# rifle?



## big fish (Oct 9, 2005)

hey im looking at the mossberg 100 ATR in .243 caliber. but i have some questions. could i use that for squirell hunting out here or would it be to much power? i hunt for the meat so i dont want to ruin to much of it. i know that i .22 is a good rifle and everything but i want more power behind the bullet. o and before i forgett is a .243 a rimfire or a center fire caliber.


----------



## triton175 (Feb 21, 2006)

I think the .243 would be too much for squirrel. Even if you use small bullets (60gr) they would do too much damage. I use mine with 100gr bullets to hunt deer in West Virginia. I'm not sure if it would even be legal to use a .243 in Ohio. It is a center-fire.


----------



## Smallmouth Crazy (Apr 4, 2006)

Its legal to varmint hunt with a centerfire in Ohio..way to much gun for squirrel hunting...I would suggest a 22 mag or 17 HMR if you want a little more ump behind it...but I would also suggest the 22LR if you want to preserve as much of the meat as possible...or maybe go for all head shots but the way those guys dance around that would be a tall task..good luck with whatever you decide.


----------



## wvsportsman (Feb 21, 2006)

big fish, it sounds like you don't realize how far a bullit form even a 22 will travel. Smallmouth Crazy is right a 22 LR is plenty of gun for squirell hunting.
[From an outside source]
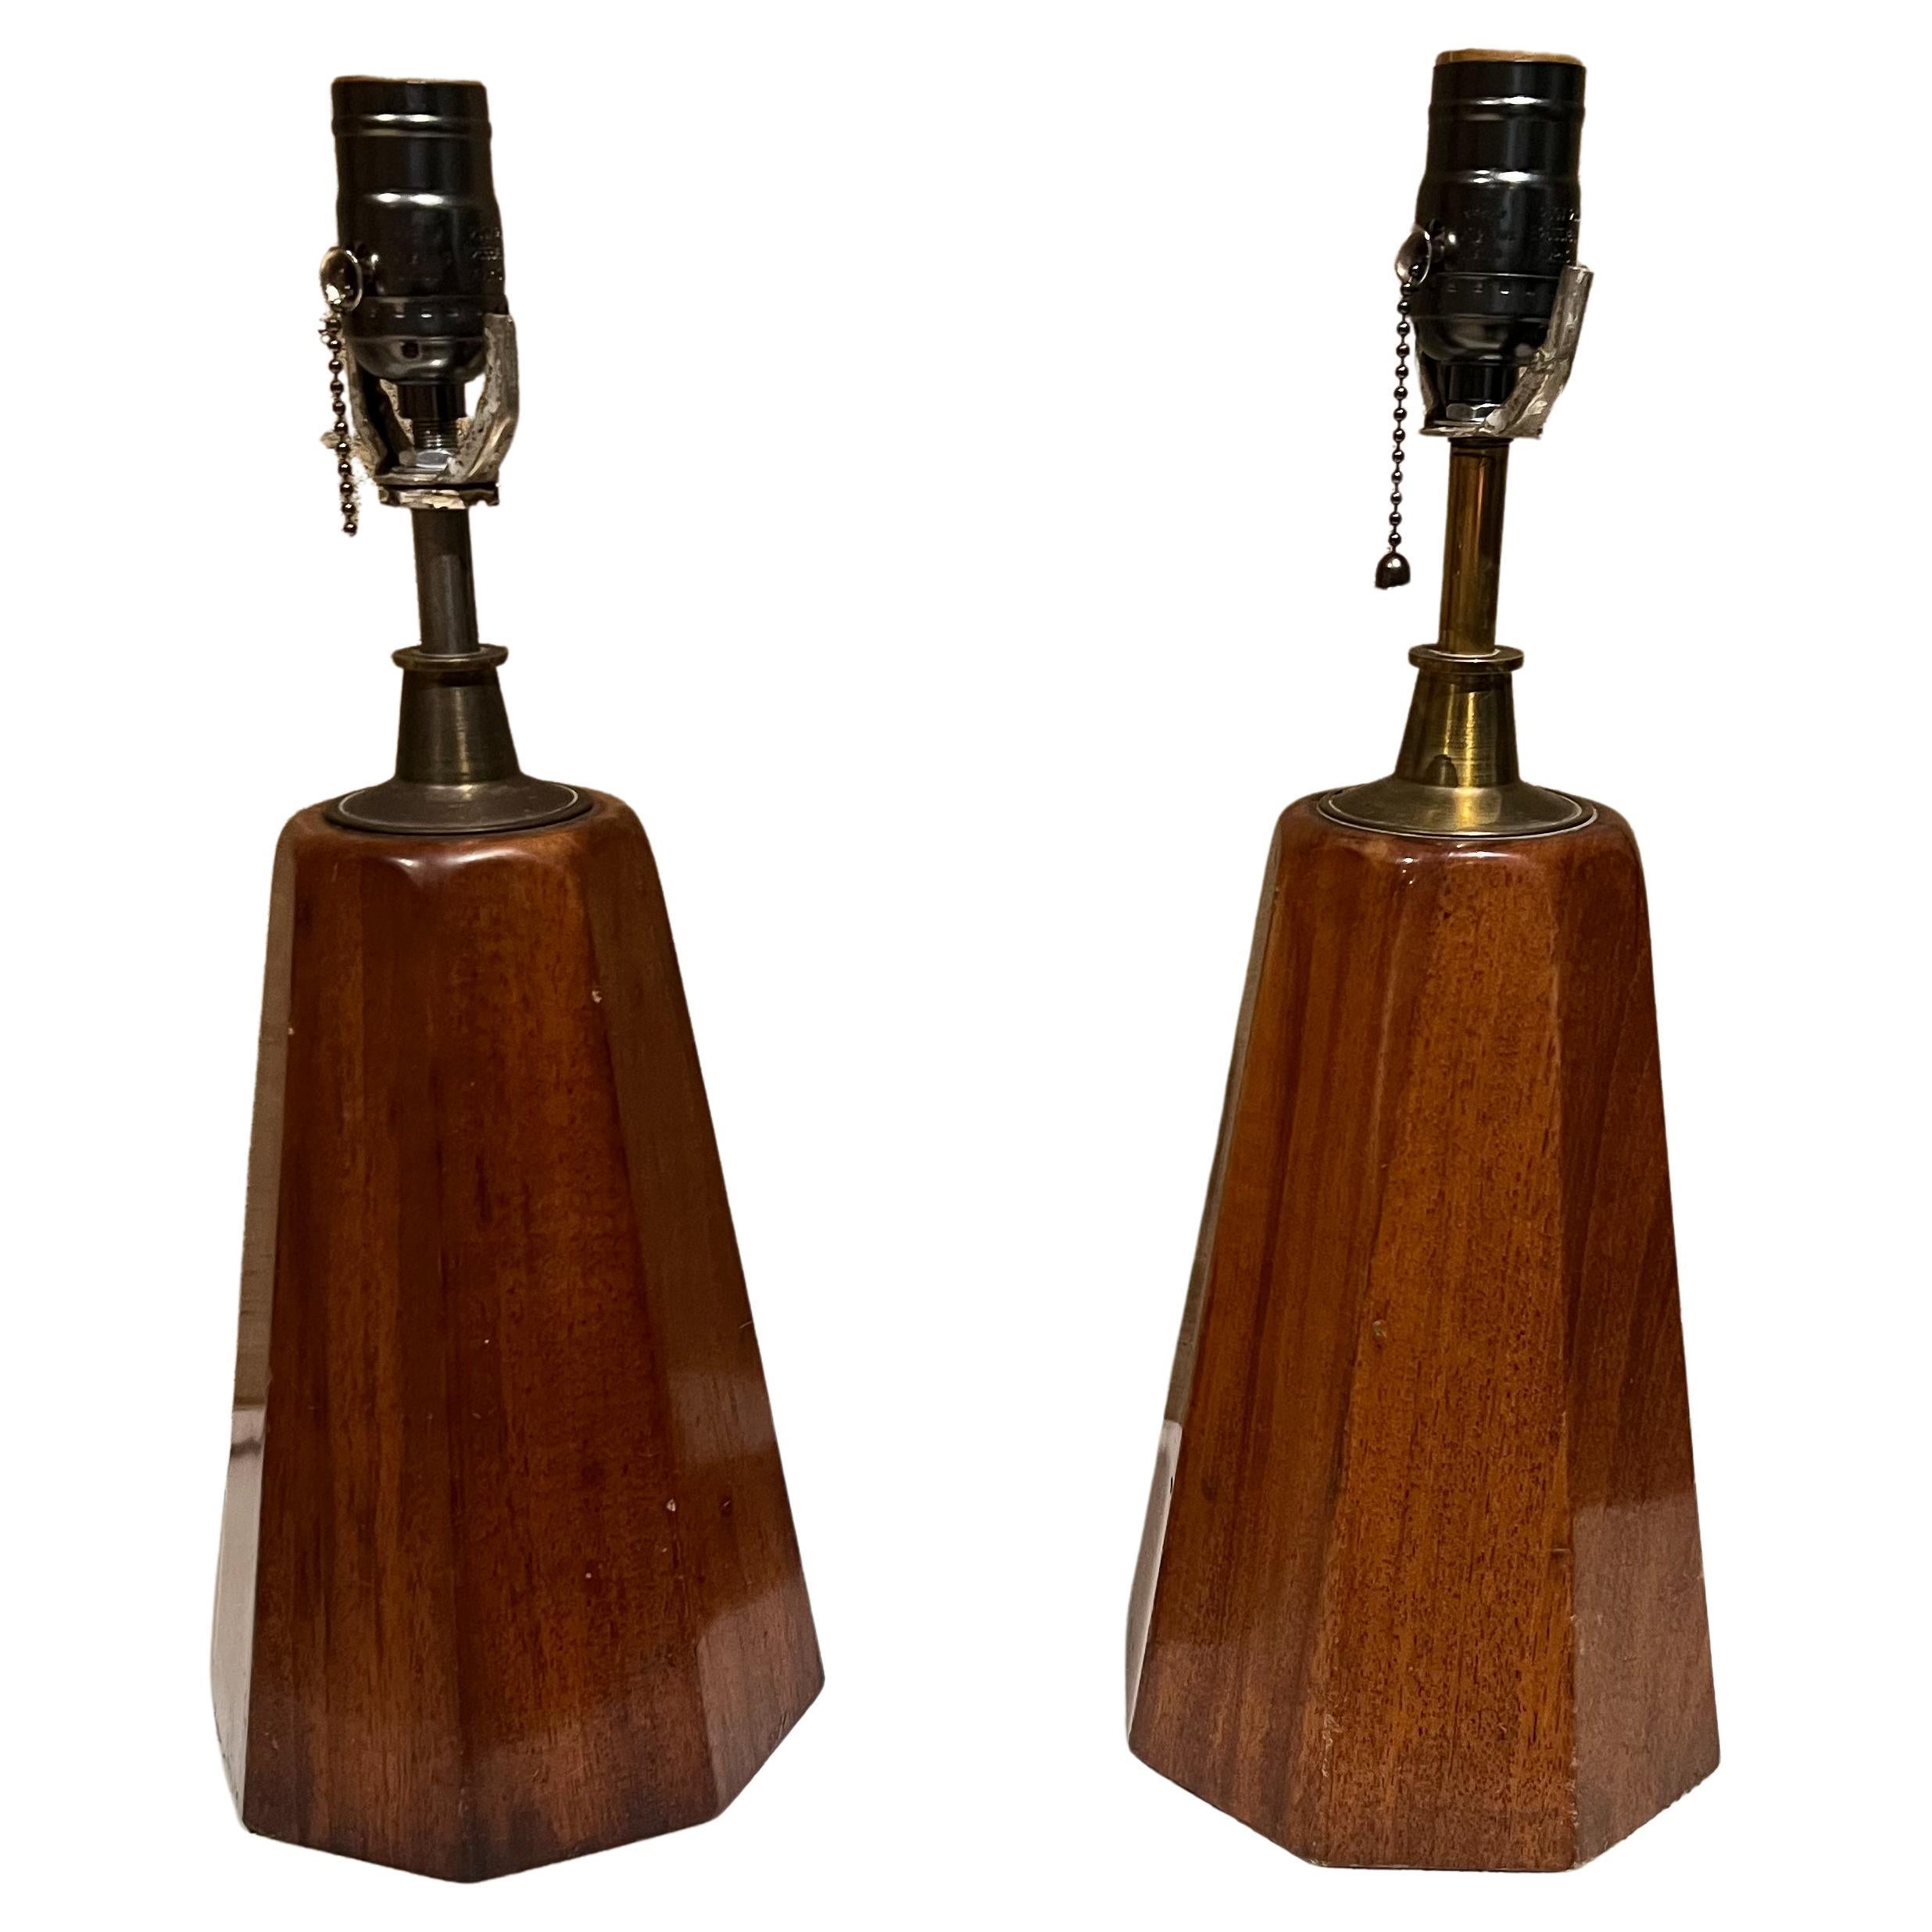 1950s Modern Table Lamps in Mahogany & Brass by Angelita Mexico

I'm not trying to be critical of you, just want you to realize a 243 is way to much gun for safety sake for squirell hunting.. hunt safe


----------



## BassBlaster (Jun 8, 2006)

Way too much gun for sq besides its illegal in ohio except for varmint hunting. If you are just wanting more power behind the bullet go with a 22 mag but IMO thats even too much power for sq hunting. It dosn't take all that much to knock a sq out of a tree. Just spend lots of time at the range. I have killed more sq than I can count with a 22LR. Cheap little guns and cheap to shoot.


----------



## big fish (Oct 9, 2005)

ok thanks everyone


----------



## Smallmouth Crazy (Apr 4, 2006)

I will second the thought of practice and more practice with the rifle you choose..they are little guys so if you hit them good they are as good as done..my father years ago told me that he shot one with a 12 gauge...well he must have only sunk a couple pellets in him because even though he came tumbling out of the tree when my father went to pick him up the squirrel got the last laugh by nipping him in the finger...a friend of mine uses a CZ 22LR and drops them dead but he practices religously.


----------



## bronzebackyac (Apr 19, 2005)

I use a single shot stevens .22 LR with a 3-9x simmons for my squirrel hunting after the leaves are mostly off of the trees. I like to shoot CCI standard velocity shells, as they make much less noise, and are plenty powerful. I have found that other squirrels don't even know that you have shot and you get more chances at other ones if you use standard Vel. They are hard to find in stores sometimes though. I would resight my gun in if I were to change from hi vel too. they shoot different. You don't need power you need accuracy.


----------



## WISH IT WAS YOU (Jul 25, 2006)

god way to much it will leave a quarter size hole or bigger i use a pellet gun or a 22 for squirl but if you want a good coyote gun buy it


----------